==== Data to process

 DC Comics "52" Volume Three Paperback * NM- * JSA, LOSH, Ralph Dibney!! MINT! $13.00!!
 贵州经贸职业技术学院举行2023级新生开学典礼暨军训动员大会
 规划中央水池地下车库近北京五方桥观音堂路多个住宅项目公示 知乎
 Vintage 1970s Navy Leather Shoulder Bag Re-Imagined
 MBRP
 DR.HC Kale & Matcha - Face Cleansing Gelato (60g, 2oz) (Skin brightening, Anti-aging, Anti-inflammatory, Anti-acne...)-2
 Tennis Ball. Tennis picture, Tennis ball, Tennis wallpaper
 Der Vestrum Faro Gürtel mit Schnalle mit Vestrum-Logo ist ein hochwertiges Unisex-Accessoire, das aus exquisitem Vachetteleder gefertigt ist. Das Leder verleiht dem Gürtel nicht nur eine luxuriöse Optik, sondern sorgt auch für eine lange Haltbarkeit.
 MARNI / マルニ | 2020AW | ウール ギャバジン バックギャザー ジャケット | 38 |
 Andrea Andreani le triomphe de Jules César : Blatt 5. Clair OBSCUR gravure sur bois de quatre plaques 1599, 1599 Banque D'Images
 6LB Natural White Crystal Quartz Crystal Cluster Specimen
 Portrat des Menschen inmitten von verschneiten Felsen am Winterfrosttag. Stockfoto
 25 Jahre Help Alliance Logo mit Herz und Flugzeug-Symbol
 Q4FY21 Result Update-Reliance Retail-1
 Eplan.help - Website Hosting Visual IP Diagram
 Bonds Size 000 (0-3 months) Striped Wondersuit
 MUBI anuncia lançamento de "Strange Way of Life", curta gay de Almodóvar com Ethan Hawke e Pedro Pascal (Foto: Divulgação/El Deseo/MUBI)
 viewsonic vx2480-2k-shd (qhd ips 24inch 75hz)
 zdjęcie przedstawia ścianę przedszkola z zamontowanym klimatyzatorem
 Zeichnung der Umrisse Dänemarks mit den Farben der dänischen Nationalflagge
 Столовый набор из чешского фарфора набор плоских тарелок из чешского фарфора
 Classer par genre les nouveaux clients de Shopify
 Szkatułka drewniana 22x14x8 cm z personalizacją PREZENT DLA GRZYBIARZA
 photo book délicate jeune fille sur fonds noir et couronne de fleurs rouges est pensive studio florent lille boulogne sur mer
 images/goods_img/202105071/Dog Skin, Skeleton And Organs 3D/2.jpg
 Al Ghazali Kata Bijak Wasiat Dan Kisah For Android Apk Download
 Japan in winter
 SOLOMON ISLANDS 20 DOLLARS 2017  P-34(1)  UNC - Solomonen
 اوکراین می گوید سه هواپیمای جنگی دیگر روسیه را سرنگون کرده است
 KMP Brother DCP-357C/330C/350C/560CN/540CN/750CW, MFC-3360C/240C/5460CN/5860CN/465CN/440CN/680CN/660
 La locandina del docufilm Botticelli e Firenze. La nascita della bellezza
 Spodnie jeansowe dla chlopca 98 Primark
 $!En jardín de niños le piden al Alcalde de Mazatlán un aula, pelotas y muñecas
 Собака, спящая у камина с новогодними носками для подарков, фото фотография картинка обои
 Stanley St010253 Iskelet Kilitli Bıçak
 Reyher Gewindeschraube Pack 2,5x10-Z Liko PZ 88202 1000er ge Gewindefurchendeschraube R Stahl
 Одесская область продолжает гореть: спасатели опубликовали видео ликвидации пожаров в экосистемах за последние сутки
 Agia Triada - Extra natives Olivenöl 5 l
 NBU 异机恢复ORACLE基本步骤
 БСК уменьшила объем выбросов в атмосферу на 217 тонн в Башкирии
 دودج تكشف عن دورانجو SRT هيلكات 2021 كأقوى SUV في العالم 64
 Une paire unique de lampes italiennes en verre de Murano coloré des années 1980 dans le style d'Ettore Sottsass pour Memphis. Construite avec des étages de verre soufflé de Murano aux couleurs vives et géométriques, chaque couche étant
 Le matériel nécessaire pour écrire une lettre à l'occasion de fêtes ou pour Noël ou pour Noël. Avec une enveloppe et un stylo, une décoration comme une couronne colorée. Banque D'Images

========

▶ Instructions to follow
All lines with the word "pour" are needed; pull them from the entries and copy each.

▶ Completed exercise
 Une paire unique de lampes italiennes en verre de Murano coloré des années 1980 dans le style d'Ettore Sottsass pour Memphis. Construite avec des étages de verre soufflé de Murano aux couleurs vives et géométriques, chaque couche étant
 Le matériel nécessaire pour écrire une lettre à l'occasion de fêtes ou pour Noël ou pour Noël. Avec une enveloppe et un stylo, une décoration comme une couronne colorée. Banque D'Images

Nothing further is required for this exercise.